- Try it:
An exact reproduction of the listing is wanted, with the pictures dropped.

- Dataset extract:
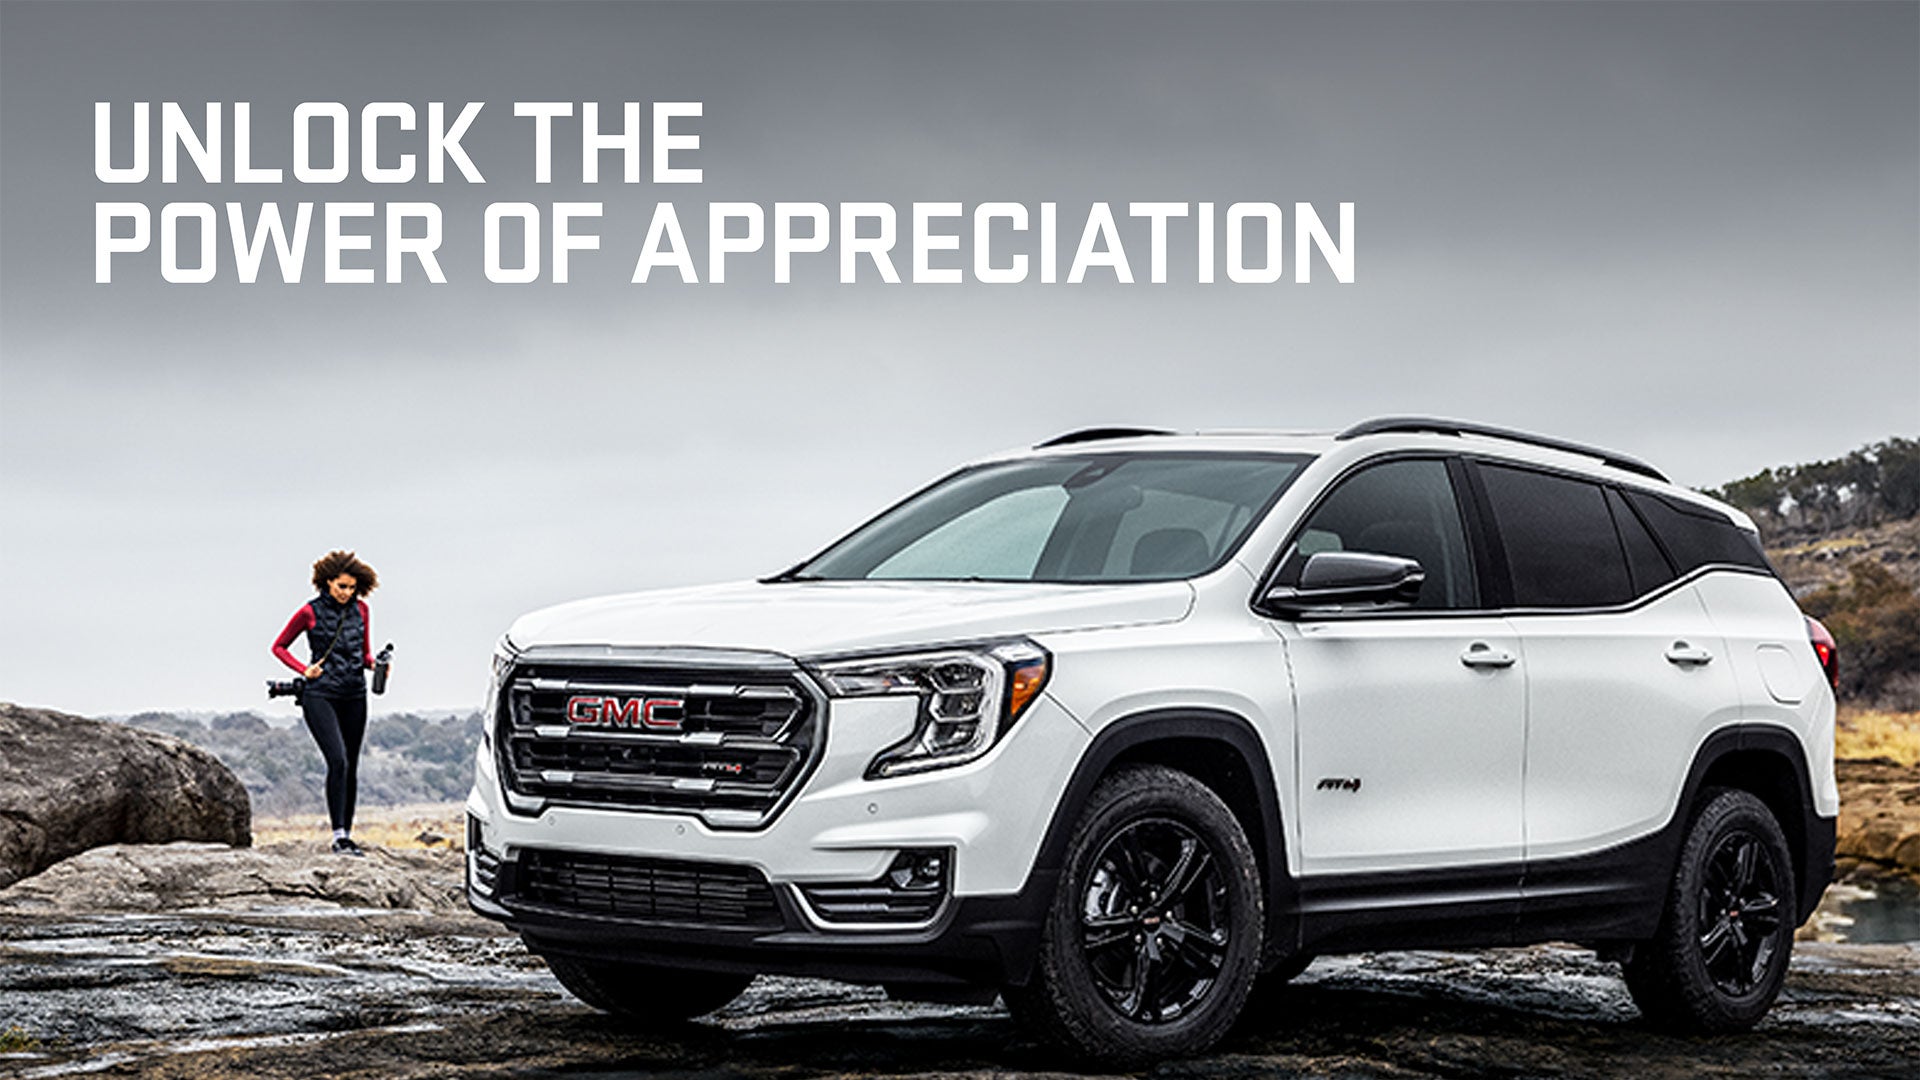 Unlock the power of appreciation | Valley Buick GMC of Hastings in hastings MN
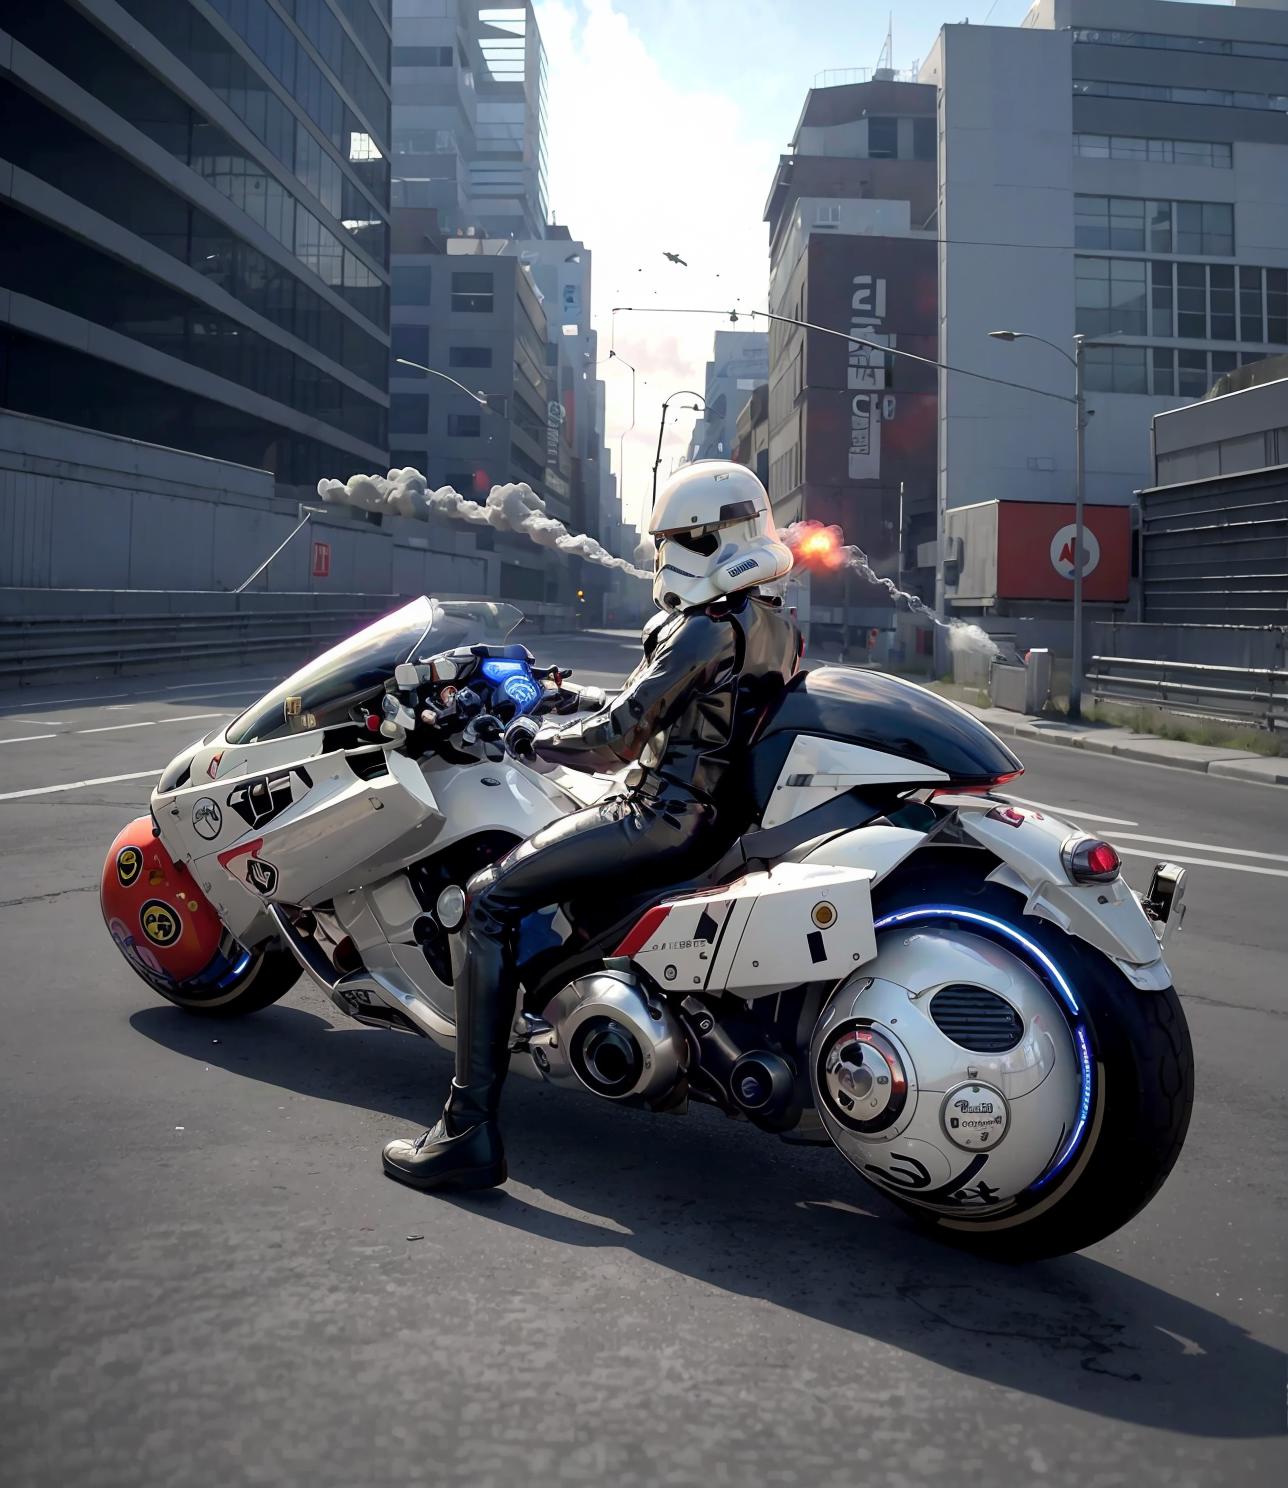 A person wearing a Stormtrooper costume riding a motorcycle on a city street.
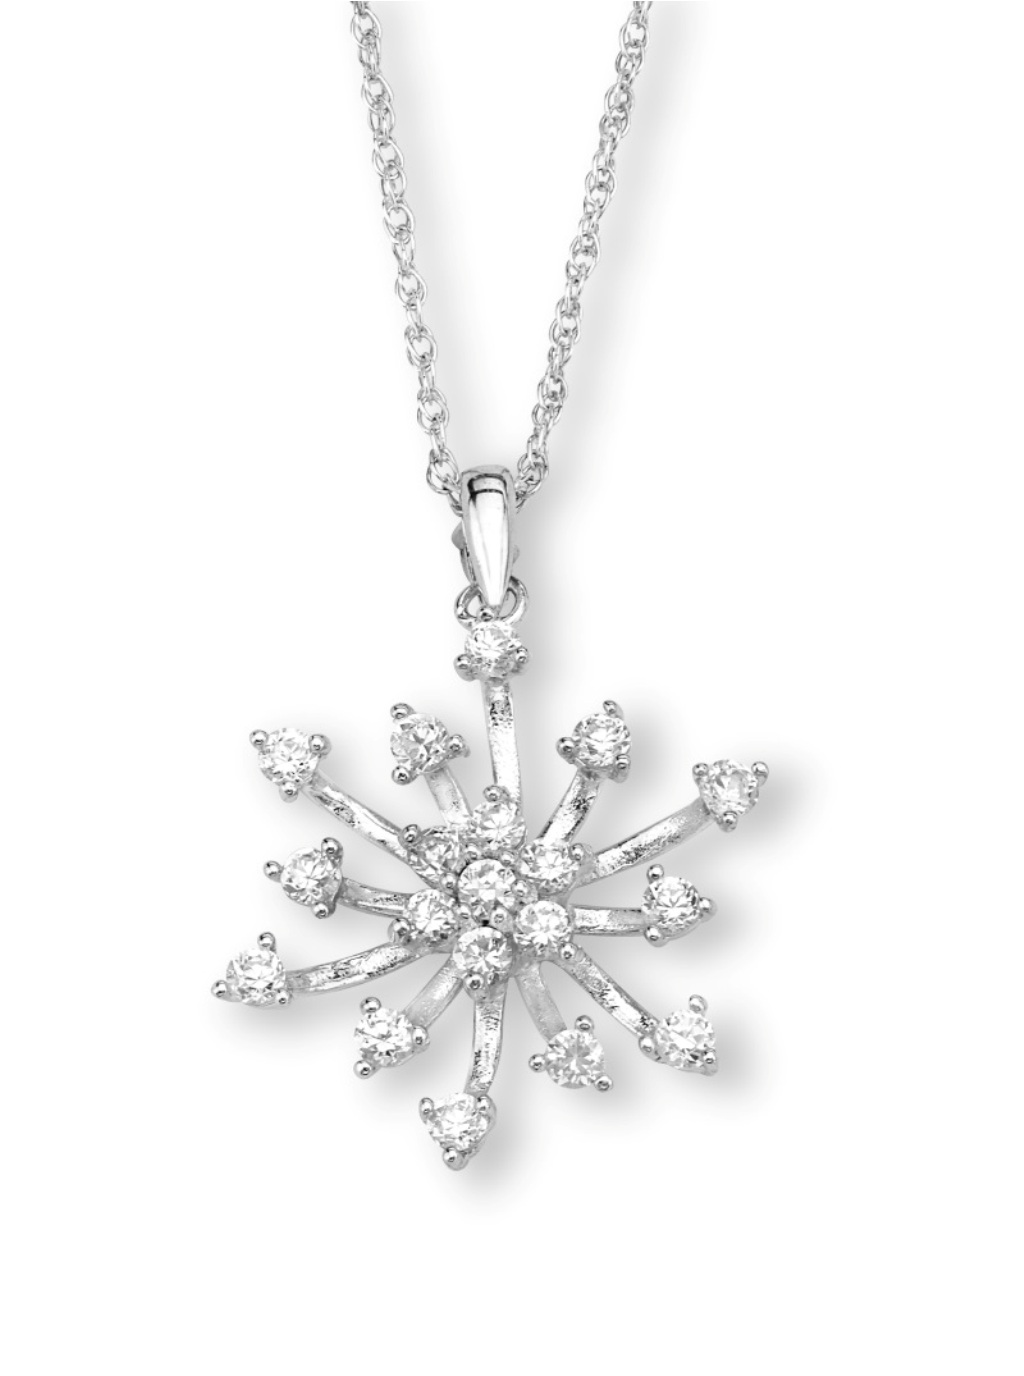  CZ Star Pendant Necklace, Rhodium Plated Sterling Silver, 18

- Answer section:
 Unlock the power of appreciation | Valley Buick GMC of Hastings in hastings MN
 A person wearing a Stormtrooper costume riding a motorcycle on a city street.
  CZ Star Pendant Necklace, Rhodium Plated Sterling Silver, 18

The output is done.